Welches Freiluftvergnügen bietet einem dieses Auto? Da können wir aufgrund der anfangs erwähnten anhaltenden massiven Regenwetterperiode leider nur auf wenige gezielte Erlebnisse zurückgreifen. Allerdings waren diese wirklich sehr angenehm. Mit einem Knopfdruck in der Mittelkonsole öffnet sich das Dach und verschwindet im Kofferraum, der dann natürlich von 385 Liter mit geschlossenem Verdeck auf 295 Liter bei abgesetztem Häubchen schrumpft.

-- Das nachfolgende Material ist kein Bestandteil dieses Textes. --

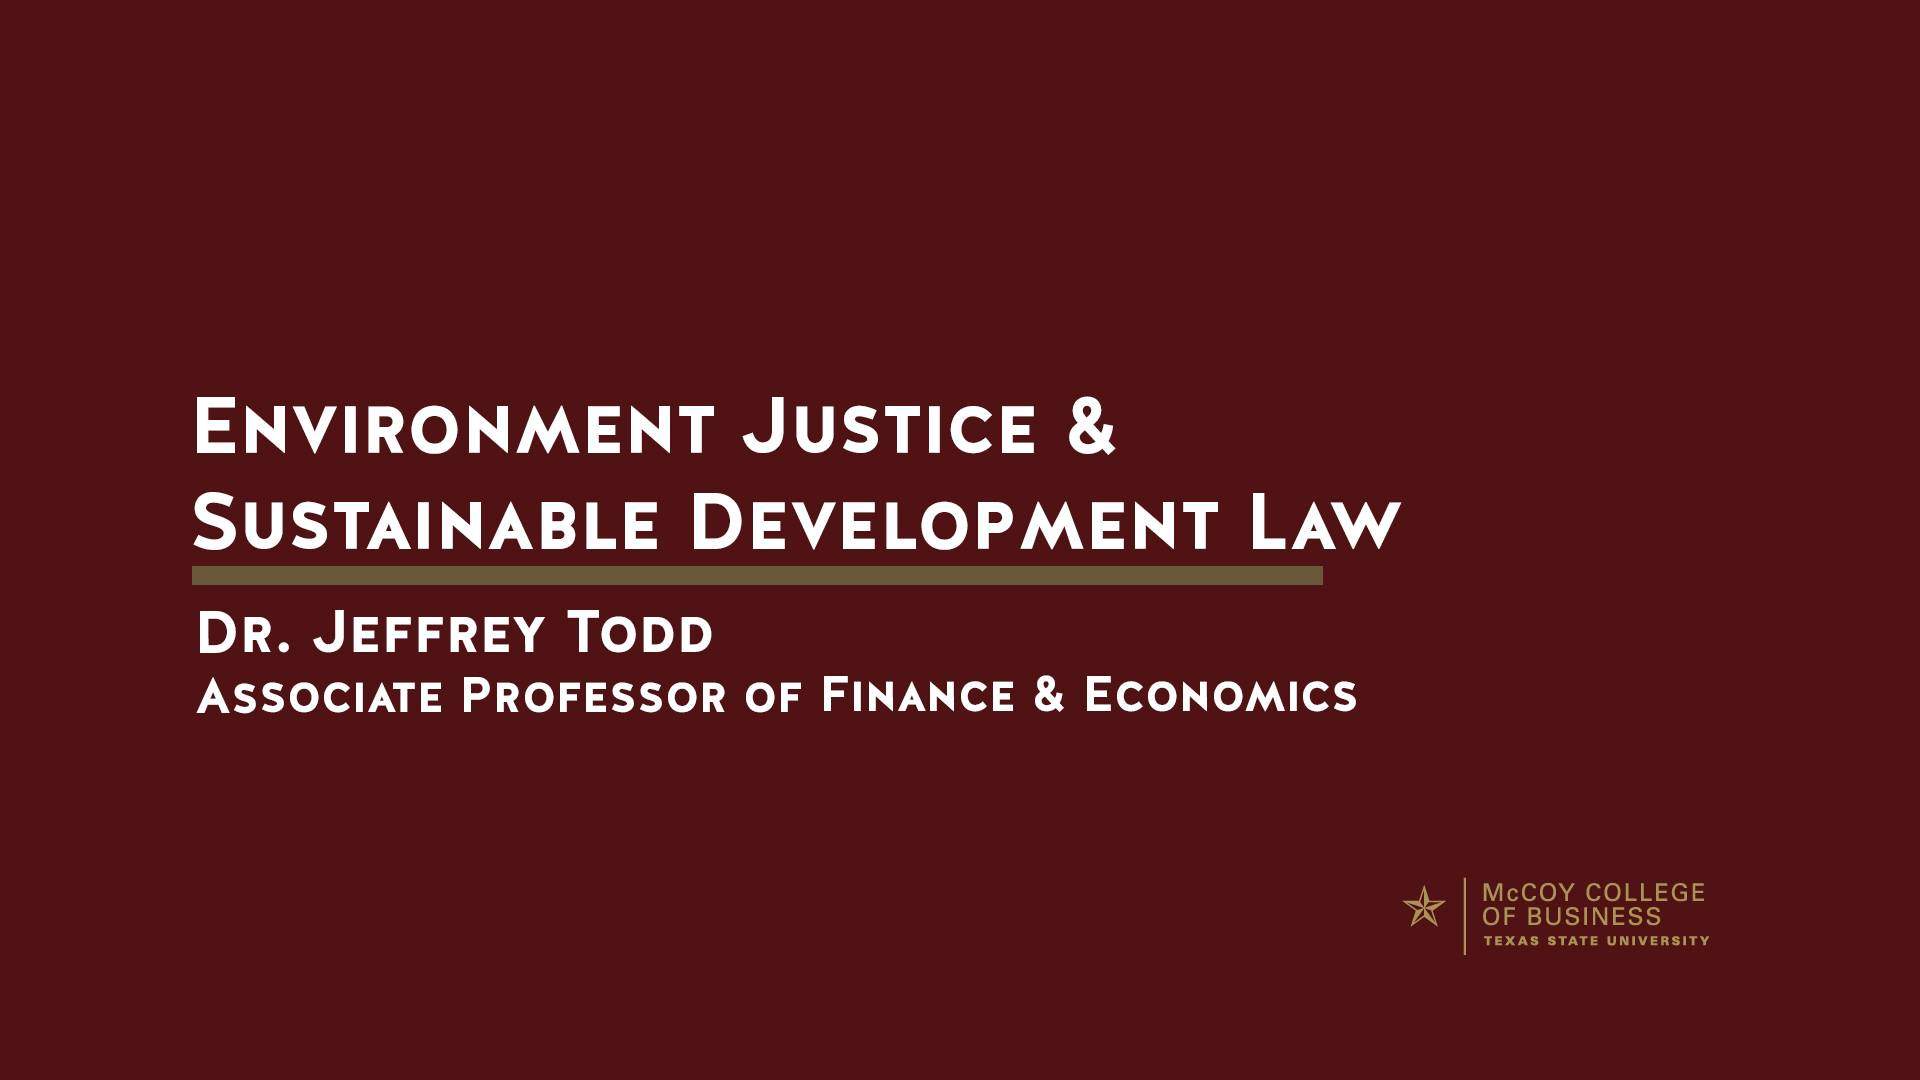 Dr. Jeffery Todd discusses Environment Justice and Sustainable Development Law

Ziemlich genial ist das Aircap-System, wenn also nach geöffnetem Verdeck auf einen weiteren Knopfdruck hin oben an der Windschutzscheibe ein Windabweiser ausfährt und hinter den Fond-Kopfstützen eine Art klassisches Windschott nach oben katapultiert wird. Schaltet man dann noch die Nackendusche mit wärmender Luft aus den Kopfstützen ein, ist man quasi temperaturunabhängig. Denn Luftverwirbelungen spielen im gesamten geöffneten Fahrgastrevier kaum noch eine Rolle – selbst hinten sitzen die Mitfahrenden erstaunlich windgeschützt. Nur gegen Regen hilft allein die Stoffhaube. Zugegebenermaßen bereiteten uns auch die Touren in geschlossenem Zustand einige Freude, zumal die Geräuschdämmung durchs Verdeck vorbildlich gelungen ist. Wem womöglich die Entscheidung für ein Cabrio schwer fällt, aber das Karosseriekleid des flott geschnittenen CLE gefällt, der oder die kann zum Coupé greifen.    

Autogramm

Mercedes CLE Cabrio 220d

Typ: Cabrio; Preis: 69.514 Euro; Länge: 4,85 Meter; Breite: 1,86 Meter; Höhe: 1,43 Meter; Radstand: 2,87 Meter; Leergewicht: 2000 Kilogramm; Zuladung: 457 Kilogramm; Kofferraum: 385 Liter; Sitze: vier; Tankinhalt: 66 Liter; Motor: Diesel-Vierzylinder; Hubraum: 1993 Kubikzentimeter; Leistung: 197 PS/145 kW bei 3600 U/min; Drehmoment: 440 Newtonmeter bei 1800-2800 U/min; Getriebe: Neunstufen-Automatik; Spitze: 234 km/h; 0 auf 100 km/h: 7,9 Sekunden; Normverbrauch: 5,4 Liter Diesel, CO2-Ausstoß: 142 Gramm/km, Testverbrauch: 5,8 Liter; Abgasnorm: Euro 6e.